▸ **WHAT IS EXPECTED**
Repeat exactly, and only, the lines of the entries below from the one with "AUSTRALIA/OCEANIA" through the one with "V-Italia 925 Sandal", both ends included.

▸ **DATA SECTION**

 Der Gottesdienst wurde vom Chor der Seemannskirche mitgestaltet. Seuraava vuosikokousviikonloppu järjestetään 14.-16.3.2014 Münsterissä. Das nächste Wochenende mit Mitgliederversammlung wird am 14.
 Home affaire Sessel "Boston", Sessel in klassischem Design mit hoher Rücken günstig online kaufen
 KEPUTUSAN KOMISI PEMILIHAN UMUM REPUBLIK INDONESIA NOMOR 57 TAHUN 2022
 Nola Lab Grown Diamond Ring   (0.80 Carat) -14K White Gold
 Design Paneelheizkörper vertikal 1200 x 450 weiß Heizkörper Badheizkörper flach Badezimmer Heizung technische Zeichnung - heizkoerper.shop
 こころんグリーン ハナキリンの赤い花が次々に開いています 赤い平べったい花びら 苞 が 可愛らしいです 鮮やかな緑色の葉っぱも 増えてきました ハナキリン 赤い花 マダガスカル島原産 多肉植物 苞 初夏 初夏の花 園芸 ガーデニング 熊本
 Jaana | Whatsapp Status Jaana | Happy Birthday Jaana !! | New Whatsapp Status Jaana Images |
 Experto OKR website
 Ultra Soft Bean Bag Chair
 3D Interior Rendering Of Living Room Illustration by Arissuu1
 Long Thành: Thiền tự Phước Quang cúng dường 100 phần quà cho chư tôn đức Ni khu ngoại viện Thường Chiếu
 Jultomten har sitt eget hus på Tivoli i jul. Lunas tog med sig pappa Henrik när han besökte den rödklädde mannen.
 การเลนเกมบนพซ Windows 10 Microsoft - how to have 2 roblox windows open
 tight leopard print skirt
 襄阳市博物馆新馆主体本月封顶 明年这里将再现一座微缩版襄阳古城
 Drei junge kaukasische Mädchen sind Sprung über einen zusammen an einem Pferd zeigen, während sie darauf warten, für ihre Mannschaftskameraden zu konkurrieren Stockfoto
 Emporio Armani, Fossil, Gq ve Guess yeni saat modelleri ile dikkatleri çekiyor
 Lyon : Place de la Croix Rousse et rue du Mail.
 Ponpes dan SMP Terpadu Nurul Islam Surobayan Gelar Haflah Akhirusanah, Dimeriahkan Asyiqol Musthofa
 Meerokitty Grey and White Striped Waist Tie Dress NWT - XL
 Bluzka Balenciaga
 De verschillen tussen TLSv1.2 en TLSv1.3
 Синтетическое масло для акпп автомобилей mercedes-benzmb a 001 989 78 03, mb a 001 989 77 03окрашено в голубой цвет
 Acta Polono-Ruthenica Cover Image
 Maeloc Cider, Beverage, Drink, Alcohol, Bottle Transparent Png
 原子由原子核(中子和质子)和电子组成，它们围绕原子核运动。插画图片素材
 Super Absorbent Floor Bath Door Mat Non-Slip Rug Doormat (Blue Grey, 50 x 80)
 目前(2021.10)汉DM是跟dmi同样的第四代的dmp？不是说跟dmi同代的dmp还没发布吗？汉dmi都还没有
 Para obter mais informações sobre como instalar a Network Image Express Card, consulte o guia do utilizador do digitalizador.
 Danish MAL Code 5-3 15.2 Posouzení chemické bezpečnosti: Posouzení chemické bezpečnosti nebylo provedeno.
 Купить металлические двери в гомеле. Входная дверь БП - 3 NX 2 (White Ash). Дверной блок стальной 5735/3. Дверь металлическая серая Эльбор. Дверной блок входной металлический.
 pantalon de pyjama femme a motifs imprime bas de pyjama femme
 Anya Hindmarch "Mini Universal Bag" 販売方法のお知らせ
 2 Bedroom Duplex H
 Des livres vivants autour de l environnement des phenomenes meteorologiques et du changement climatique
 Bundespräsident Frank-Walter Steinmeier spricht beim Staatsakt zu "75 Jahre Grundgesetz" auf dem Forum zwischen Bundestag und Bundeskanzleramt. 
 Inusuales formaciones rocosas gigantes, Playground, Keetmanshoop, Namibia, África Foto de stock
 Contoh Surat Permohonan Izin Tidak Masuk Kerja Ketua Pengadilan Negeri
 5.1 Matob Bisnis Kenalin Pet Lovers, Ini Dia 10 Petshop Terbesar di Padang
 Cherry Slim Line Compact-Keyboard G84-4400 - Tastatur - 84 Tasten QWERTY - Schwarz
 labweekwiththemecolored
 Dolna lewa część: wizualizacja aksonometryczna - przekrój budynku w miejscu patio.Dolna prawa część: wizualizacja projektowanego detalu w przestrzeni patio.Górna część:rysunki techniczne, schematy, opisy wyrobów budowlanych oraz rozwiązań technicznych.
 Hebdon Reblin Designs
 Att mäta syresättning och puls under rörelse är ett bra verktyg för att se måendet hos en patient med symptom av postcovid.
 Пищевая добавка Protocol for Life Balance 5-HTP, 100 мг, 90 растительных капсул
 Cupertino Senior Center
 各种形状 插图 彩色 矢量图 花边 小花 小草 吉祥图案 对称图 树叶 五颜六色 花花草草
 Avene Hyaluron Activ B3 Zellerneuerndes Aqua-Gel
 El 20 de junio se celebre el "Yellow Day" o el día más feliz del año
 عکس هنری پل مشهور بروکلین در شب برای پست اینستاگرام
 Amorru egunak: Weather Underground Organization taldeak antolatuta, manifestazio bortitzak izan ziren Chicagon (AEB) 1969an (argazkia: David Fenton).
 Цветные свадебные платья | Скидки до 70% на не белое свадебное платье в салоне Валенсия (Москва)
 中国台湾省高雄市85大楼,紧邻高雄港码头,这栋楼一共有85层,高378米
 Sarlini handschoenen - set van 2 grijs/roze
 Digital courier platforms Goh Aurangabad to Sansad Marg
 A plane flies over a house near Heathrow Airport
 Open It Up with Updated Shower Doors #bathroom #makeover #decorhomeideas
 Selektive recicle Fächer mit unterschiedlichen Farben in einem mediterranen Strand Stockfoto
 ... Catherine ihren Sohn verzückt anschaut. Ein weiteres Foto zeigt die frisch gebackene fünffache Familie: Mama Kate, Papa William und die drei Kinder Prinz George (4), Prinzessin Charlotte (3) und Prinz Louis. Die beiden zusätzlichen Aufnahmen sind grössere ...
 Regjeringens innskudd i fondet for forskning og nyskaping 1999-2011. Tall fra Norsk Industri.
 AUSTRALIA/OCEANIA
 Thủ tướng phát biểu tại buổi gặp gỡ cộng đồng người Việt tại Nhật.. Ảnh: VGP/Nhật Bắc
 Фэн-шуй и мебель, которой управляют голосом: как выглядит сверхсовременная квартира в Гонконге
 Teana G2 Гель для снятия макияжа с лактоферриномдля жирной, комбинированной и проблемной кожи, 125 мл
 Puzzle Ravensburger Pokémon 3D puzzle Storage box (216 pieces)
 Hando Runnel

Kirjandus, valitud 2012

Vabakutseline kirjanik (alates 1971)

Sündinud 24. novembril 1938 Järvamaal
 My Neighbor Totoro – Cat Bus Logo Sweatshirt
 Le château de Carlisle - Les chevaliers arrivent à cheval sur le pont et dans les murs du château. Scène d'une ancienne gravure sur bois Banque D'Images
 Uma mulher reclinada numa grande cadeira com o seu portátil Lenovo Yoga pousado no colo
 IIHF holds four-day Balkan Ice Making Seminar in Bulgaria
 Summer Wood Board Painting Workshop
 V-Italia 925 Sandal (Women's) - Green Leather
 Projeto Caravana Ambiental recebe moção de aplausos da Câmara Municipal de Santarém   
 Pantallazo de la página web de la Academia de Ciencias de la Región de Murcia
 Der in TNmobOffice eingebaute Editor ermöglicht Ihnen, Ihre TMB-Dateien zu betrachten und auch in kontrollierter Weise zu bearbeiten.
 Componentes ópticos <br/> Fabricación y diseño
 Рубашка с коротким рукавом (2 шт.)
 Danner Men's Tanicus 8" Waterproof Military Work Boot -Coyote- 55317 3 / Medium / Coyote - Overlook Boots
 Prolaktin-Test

▸ **RESPONSE TO THIS EXERCISE**
 AUSTRALIA/OCEANIA
 Thủ tướng phát biểu tại buổi gặp gỡ cộng đồng người Việt tại Nhật.. Ảnh: VGP/Nhật Bắc
 Фэн-шуй и мебель, которой управляют голосом: как выглядит сверхсовременная квартира в Гонконге
 Teana G2 Гель для снятия макияжа с лактоферриномдля жирной, комбинированной и проблемной кожи, 125 мл
 Puzzle Ravensburger Pokémon 3D puzzle Storage box (216 pieces)
 Hando Runnel

Kirjandus, valitud 2012

Vabakutseline kirjanik (alates 1971)

Sündinud 24. novembril 1938 Järvamaal
 My Neighbor Totoro – Cat Bus Logo Sweatshirt
 Le château de Carlisle - Les chevaliers arrivent à cheval sur le pont et dans les murs du château. Scène d'une ancienne gravure sur bois Banque D'Images
 Uma mulher reclinada numa grande cadeira com o seu portátil Lenovo Yoga pousado no colo
 IIHF holds four-day Balkan Ice Making Seminar in Bulgaria
 Summer Wood Board Painting Workshop
 V-Italia 925 Sandal (Women's) - Green Leather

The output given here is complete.